**Data shown**
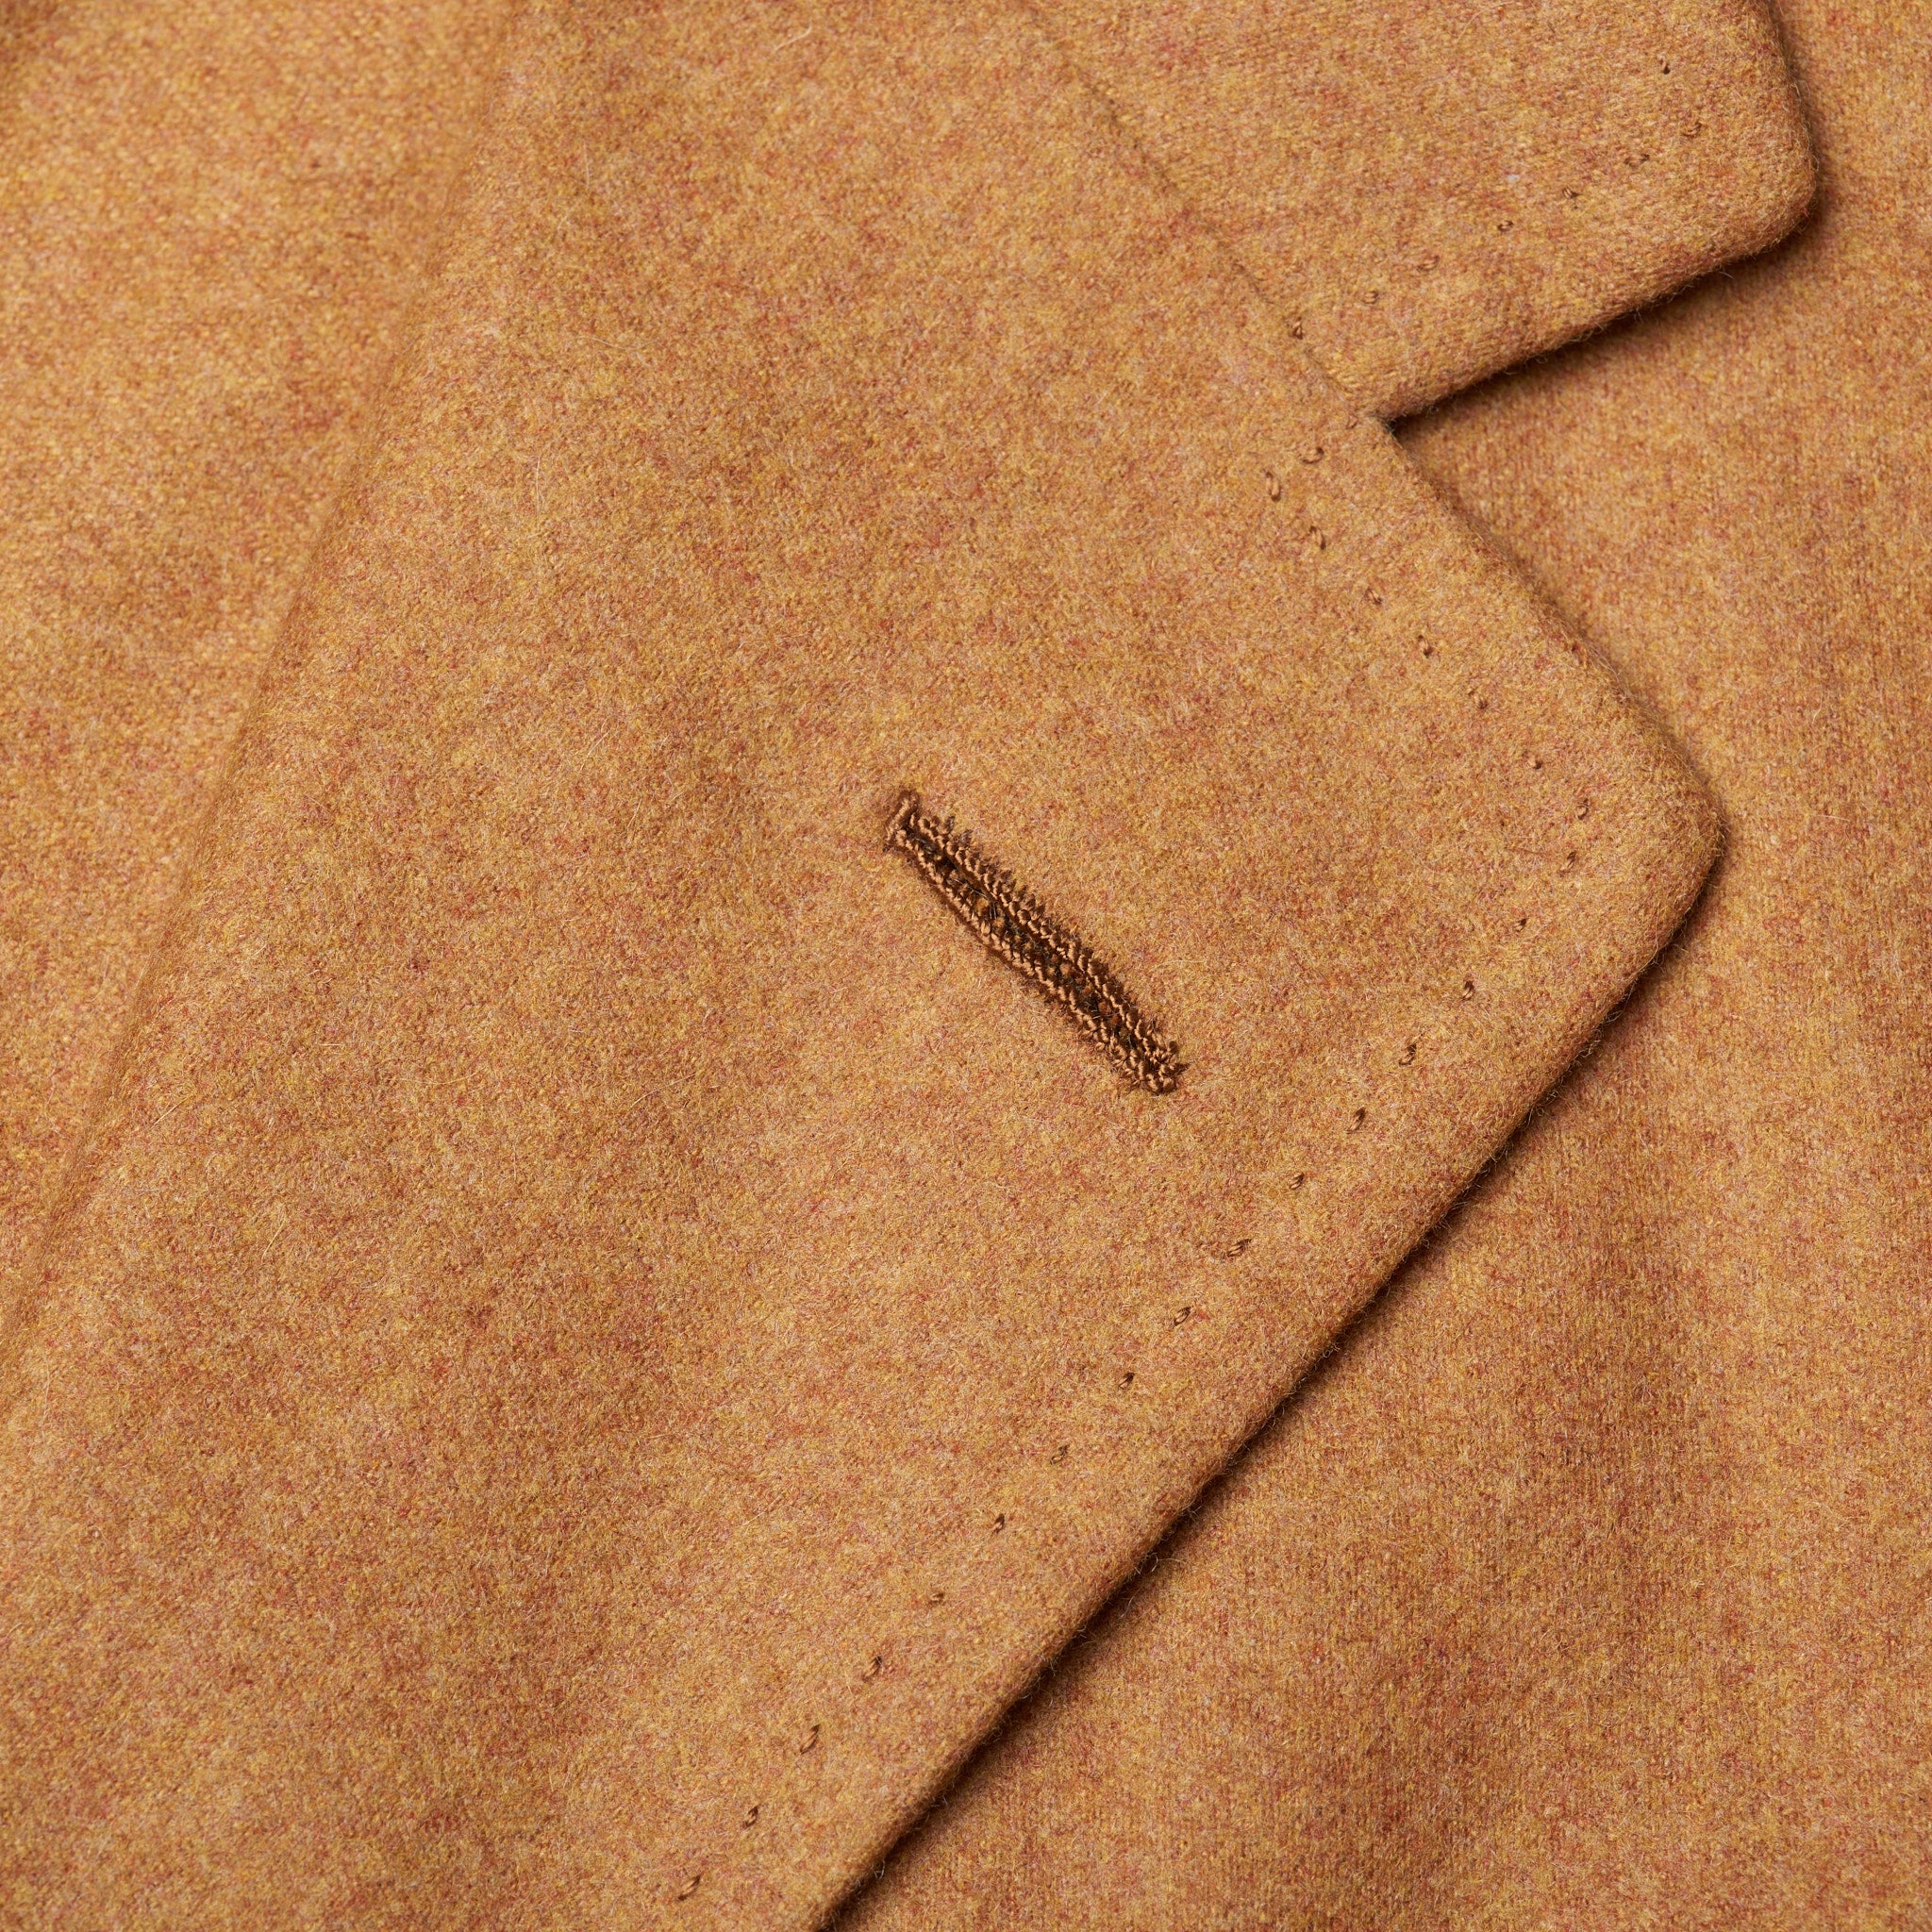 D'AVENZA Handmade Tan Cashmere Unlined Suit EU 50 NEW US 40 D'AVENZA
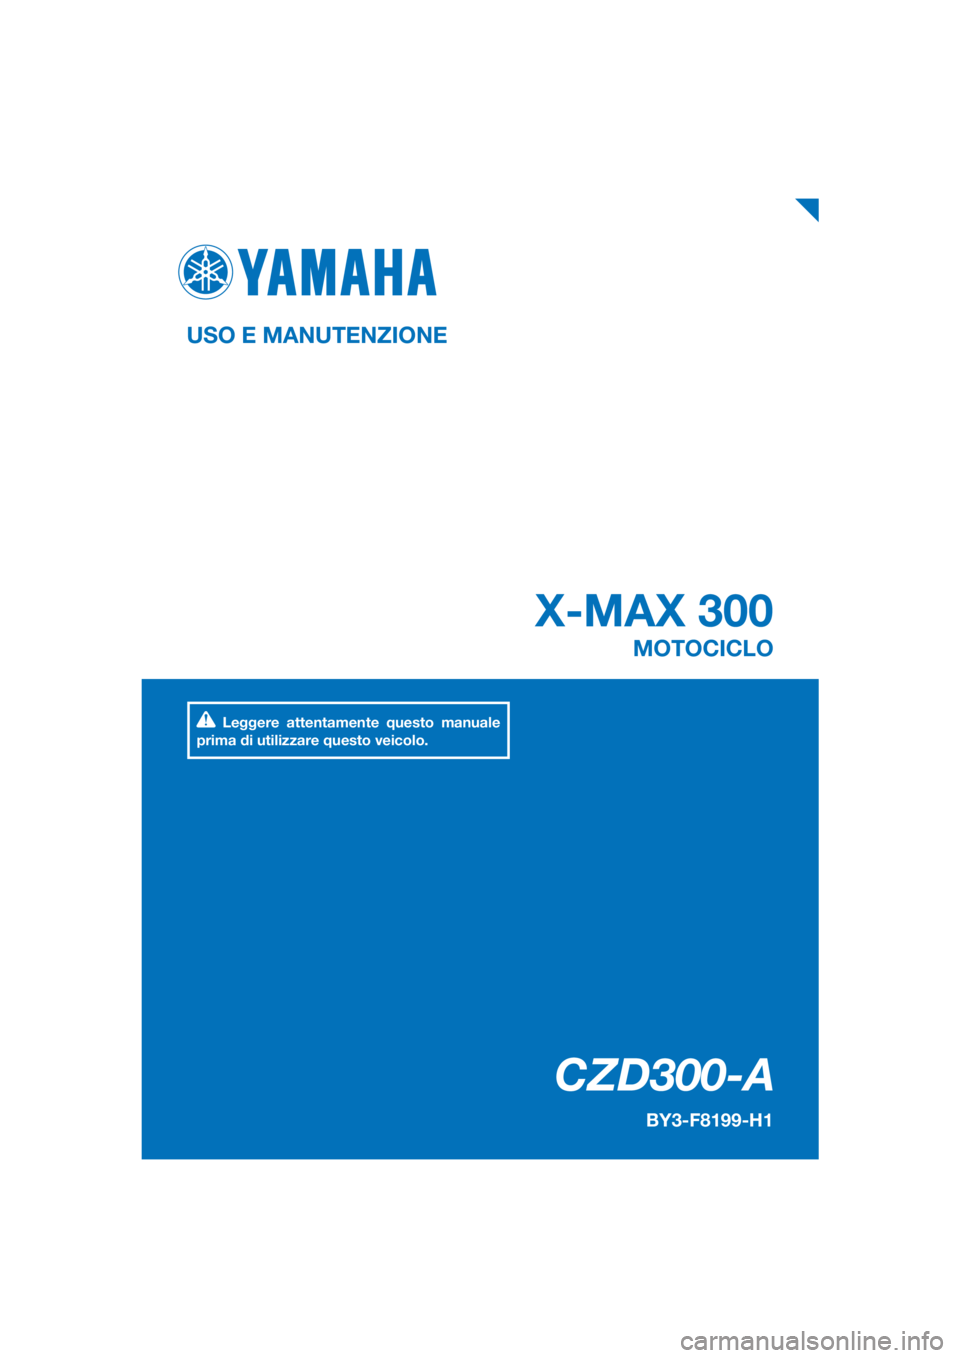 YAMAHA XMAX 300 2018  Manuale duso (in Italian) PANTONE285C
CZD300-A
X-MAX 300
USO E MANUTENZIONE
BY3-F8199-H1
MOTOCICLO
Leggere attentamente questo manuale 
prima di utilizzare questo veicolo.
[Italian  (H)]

**What this task involves**
Transcribe the listing above verbatim. No picture belongs in the result.

**Answer to this problem**
 D'AVENZA Handmade Tan Cashmere Unlined Suit EU 50 NEW US 40 D'AVENZA
 YAMAHA XMAX 300 2018  Manuale duso (in Italian) PANTONE285C
CZD300-A
X-MAX 300
USO E MANUTENZIONE
BY3-F8199-H1
MOTOCICLO
Leggere attentamente questo manuale 
prima di utilizzare questo veicolo.
[Italian  (H)]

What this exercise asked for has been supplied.